First of all, we have the Nigerian Data Protection Regulation, which just talks about the fact that data is owned by the owner and you cannot touch or take their data without their permission. In the world today, there is a conflict in this. For example, America has two laws: the Patriot Act and the Cloud Act. The former, a post-9/11 Act, came as a fact that the Americans wanted to be more proactive in preventing any terrorist act or anything that endangers them. The Cloud Act is more advanced and brings the data up-to-date because of their advancement in technology. Basically, the Americans are saying, ‘we can get data irrespective of where it is, as long as it is seated within America.’ The General Data Protection Regulation, which is the European Union’s equivalent of NPDR, says that data belongs to the owner and you can touch the data without the owner’s permission. These two are in conflict, although conversations are on to try and find a way of having a middle ground.

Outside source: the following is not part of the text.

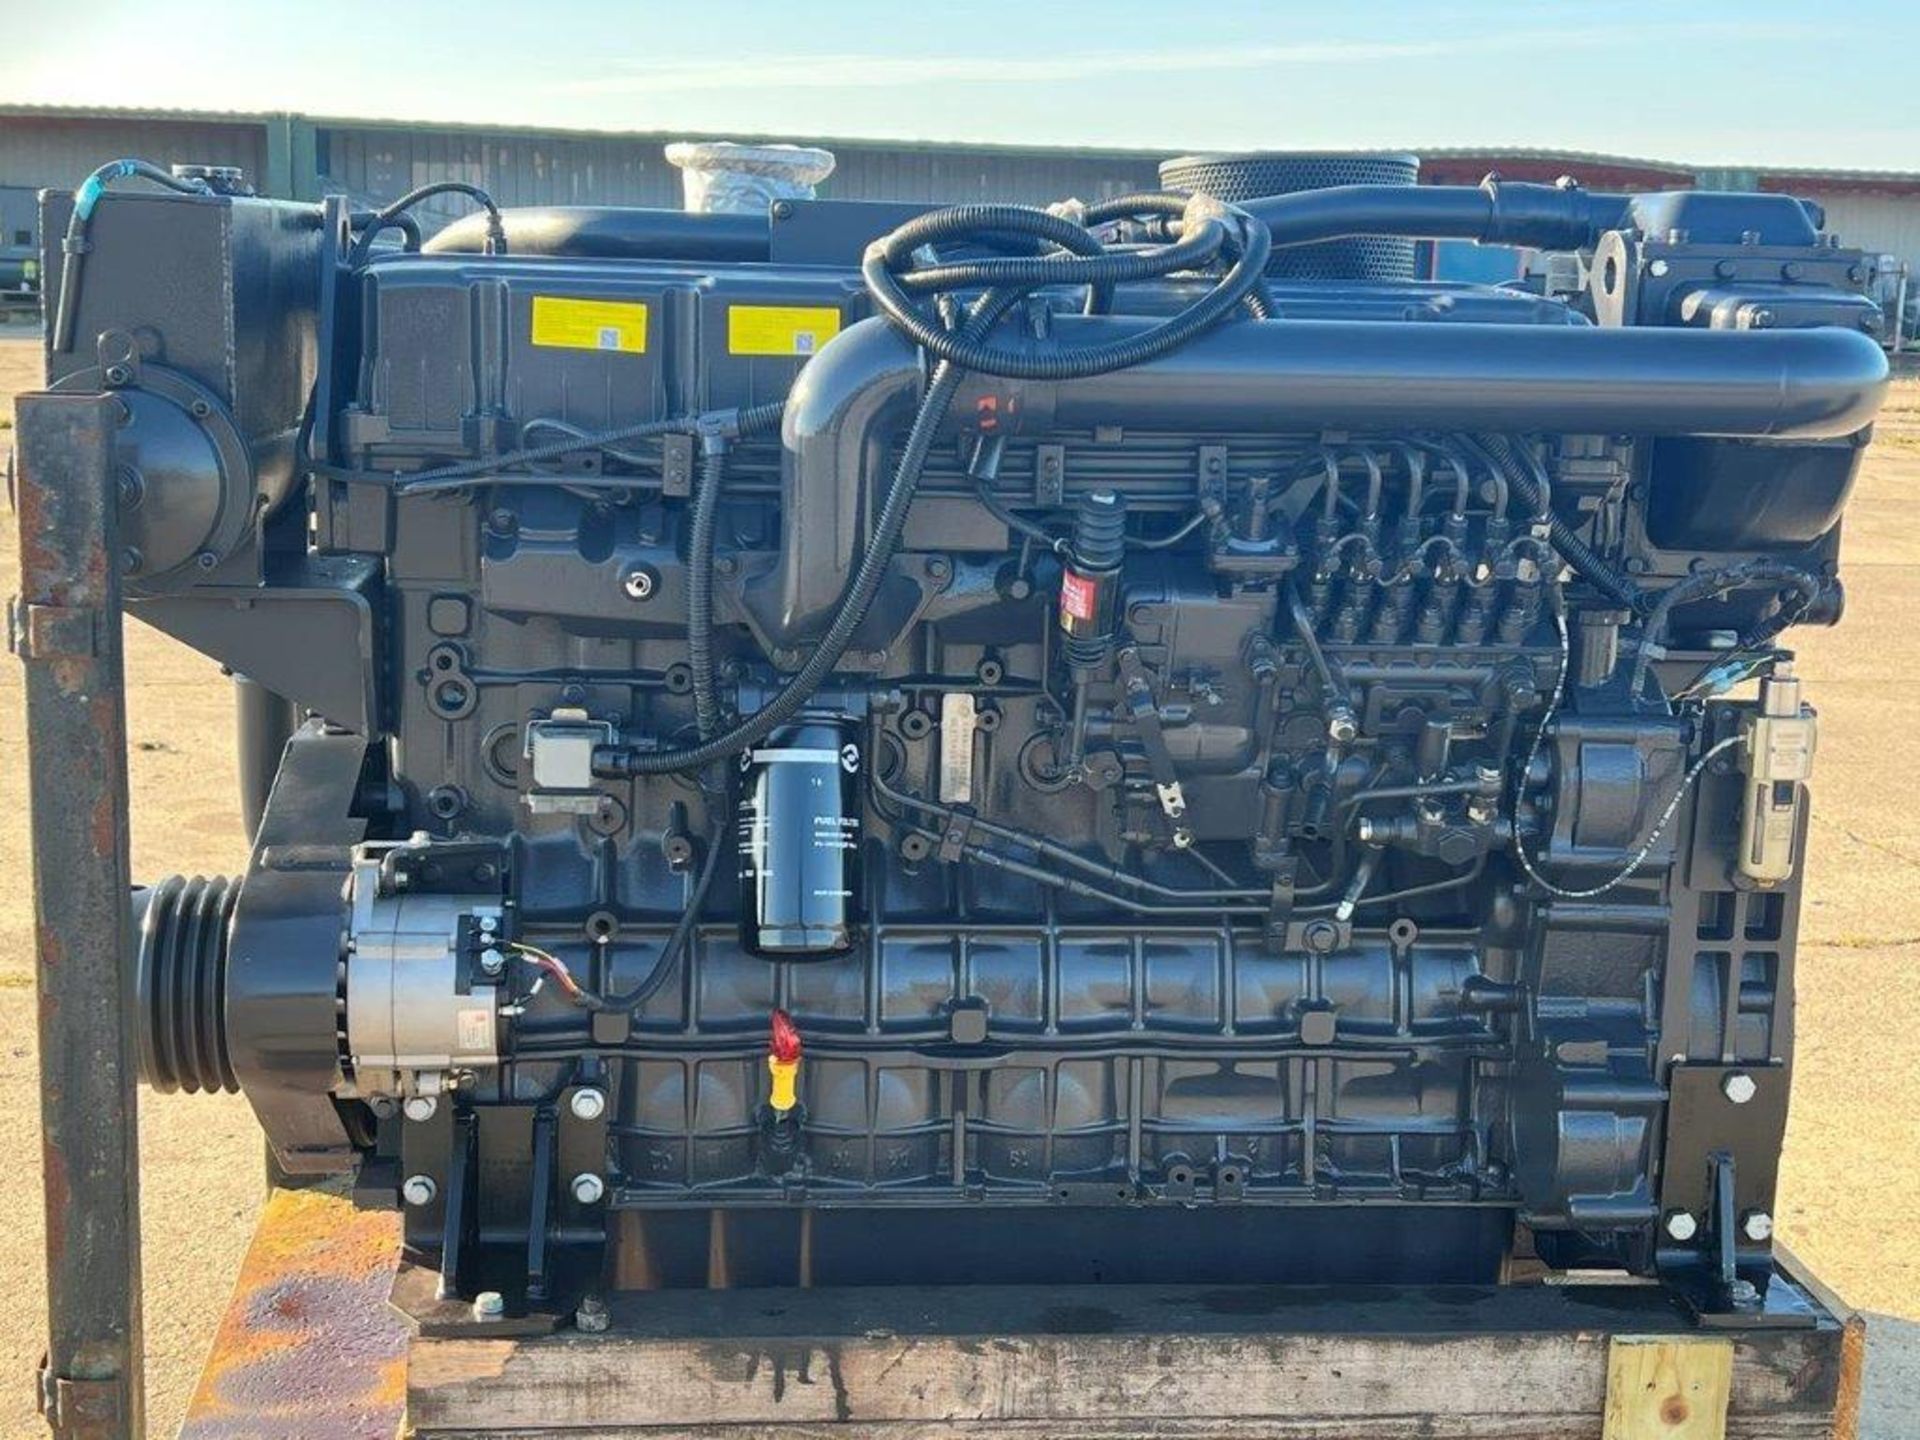 Kelvin SC12E460 Marine Diesel Engine Unused

For us in Nigeria, when the NDPR was promulgated, it did not have any legal backing; hence not enforceable. The GDPR, on the other hand, is enforceable and has legal backing. This is what is missing in Nigeria, the legal backing to the data protection that the data belongs to the owner and which is quite important to enforce. Beyond that, from our point of view, a lot of data are sitting outside Nigeria, even government’s data. That is a problem because it means that the government is putting sensitive data outside the country, which is outside its control or outside its legal framework. It means, in the event of dispute, it is powerless to do anything.
As an expert, is there any other issue you would like to add?
First, the key thing is that when somebody like myself, who is in the cloud business, goes on about the fact of legal framework and enforcing it, people think it is purely a financial sort of motivation. But it is not! What we are looking at is to say to ourselves, we want Nigeria to develop. You cannot develop if the money you are supposed to be spending in Nigeria you are spending it abroad. That is the basic fact. If you spend the money in Nigeria, it goes round to develop us. Our development is stunted at the moment, simply because of what we can describe as capital flight. Sometimes, people think that you are being dramatic about it. But it is so important, and I feel that there are many more key things that need to be done by the practitioners, business owners and the authorities to ensure growth in our country. That is a key gap. We won’t have sufficient growth if we are putting potential investment funds outside Nigeria. This is something I am passionate about. I am passionate about Nigeria, and not as a cloud platform or that of making money. I am passionate about the development of Nigeria, which I would like to see grow faster, especially at this time of a depressed economy. We need every help we can get to turn around the fortunes of the economy and see it real good.